Полчаса назад ей казалось, что сейчас все раскроется и она будет уличена в присутствии самого безобидного и страшного свидетеля — сына. По некоторым взглядам мужа, по желчи, прорывавшейся в голосе, она догадалась, что Андрей подозревает об ее отношениях с Молостовым. «У него много выдержки», — холодно, отчужденно подумала она.

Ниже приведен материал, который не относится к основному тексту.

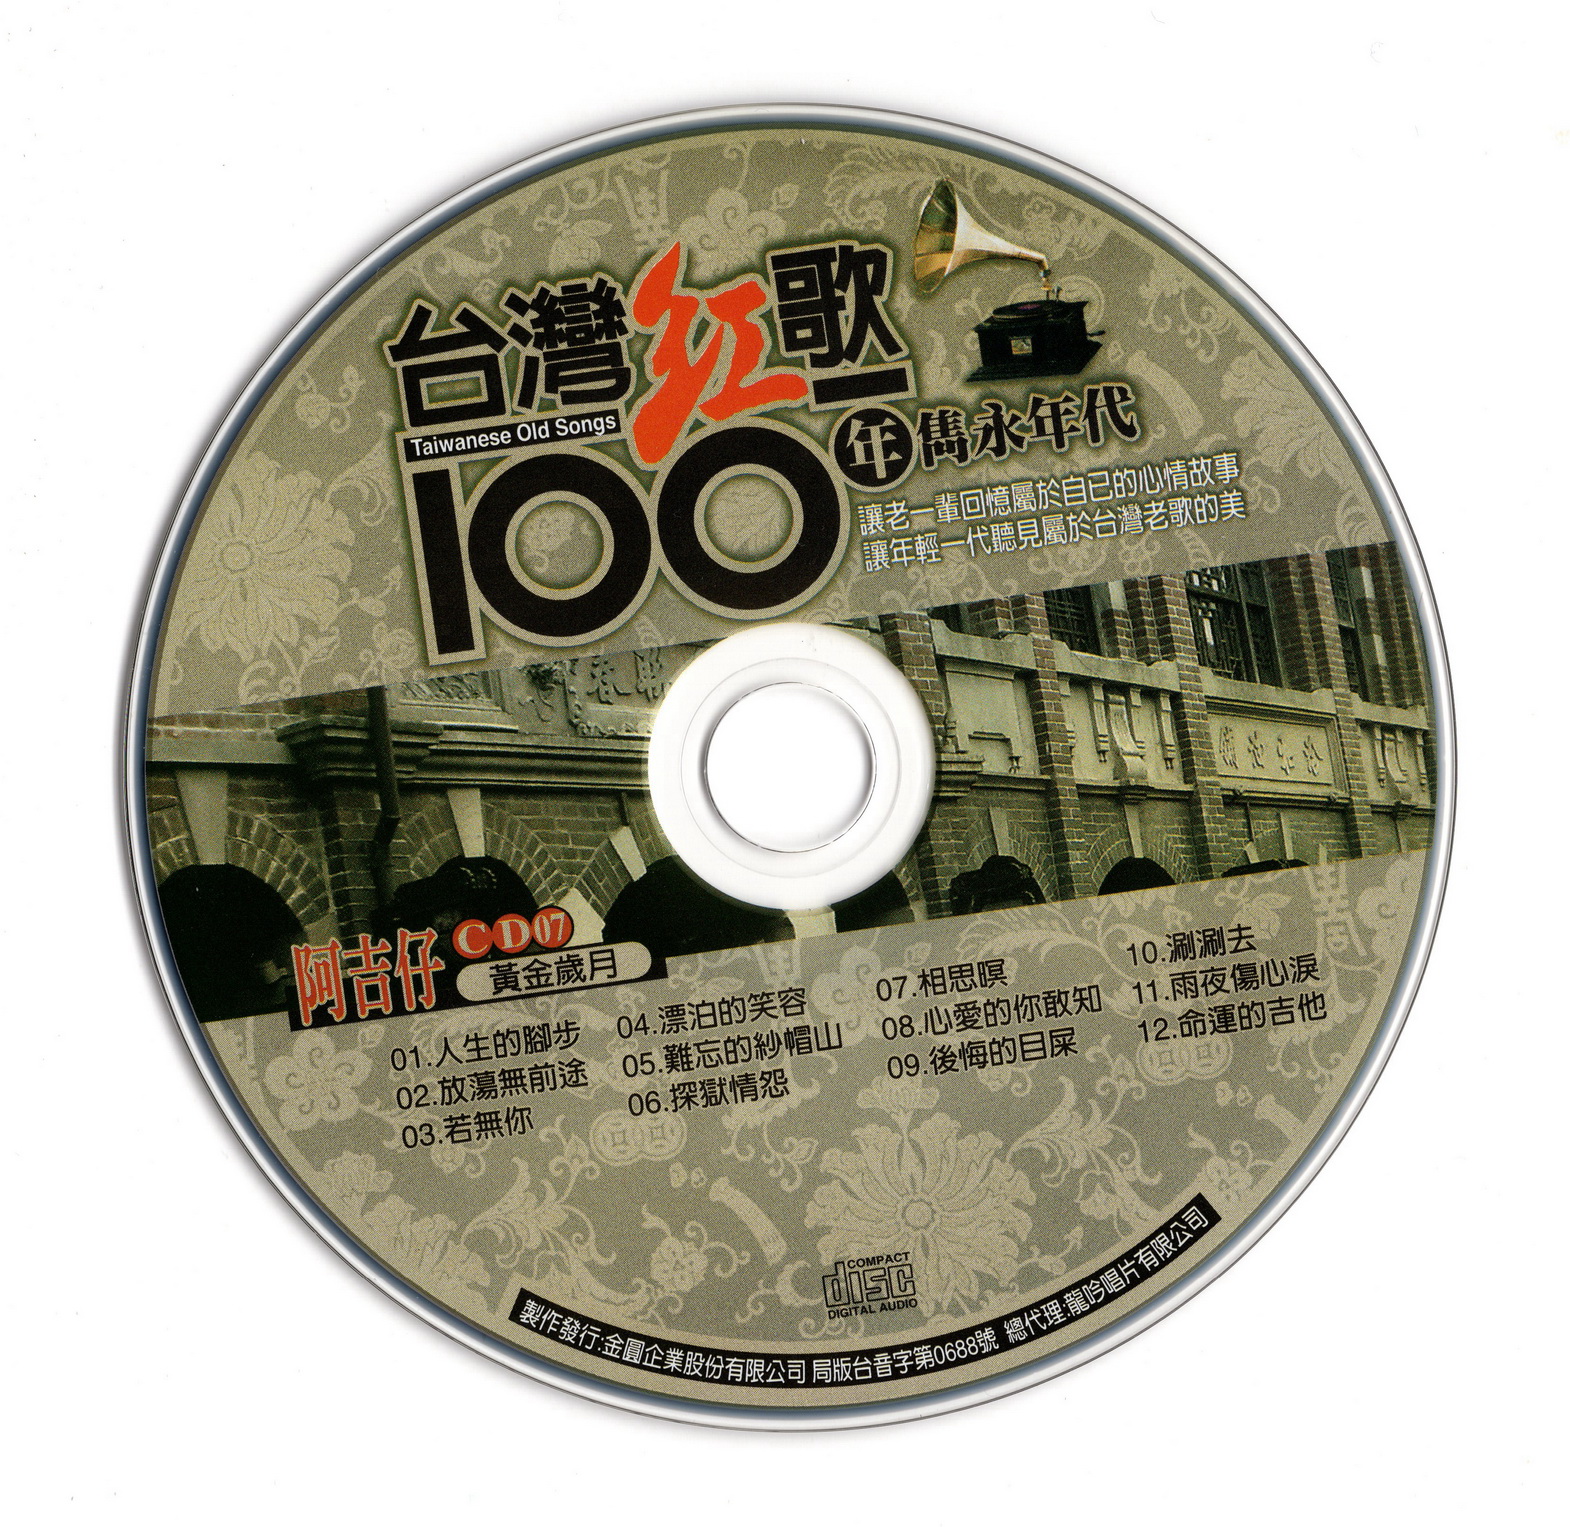 群星-台湾红歌100年 隽永年代 20CD合集[无损WAV/9.83GB]百度云盘打包下载 影音资源 第3张

— Мамочка! Папа! Мама! — раздался пронзительный крик где-то сбоку. Куст бересклета закачался, роняя брызги, и на дорожку выскочил Васятка. Глаза его радостно блестели, красный пластмассовый поясок сбился набок, несколько дождевых капель темнело на блузке, левая коленка была расцарапана. Лицо Варвары Михайловны просияло:
— Где ты пропадал, мальчунька мой? Намок?
— Там! Скорей! — показал Васятка пальцем на кусты.
— Что такое? Да у тебя кровь на ноге, — испугалась мать.
Мальчик не обратил внимания на ее слова.
— Скорей. Я нашел птичачий домик.
И вновь исчез в кустах.
— Никогда не видел его таким взбудораженным, — заметил Андрей Ильич. — Вырвался из города на природу и ошалел.
Своего сына родители нашли возле пушистого, окропленного слепым дождем куста черемухи с искусно спрятанным внутри небольшим гнездом. Андрей Ильич поднял мальчика на руки, чтобы ему лучше было видно.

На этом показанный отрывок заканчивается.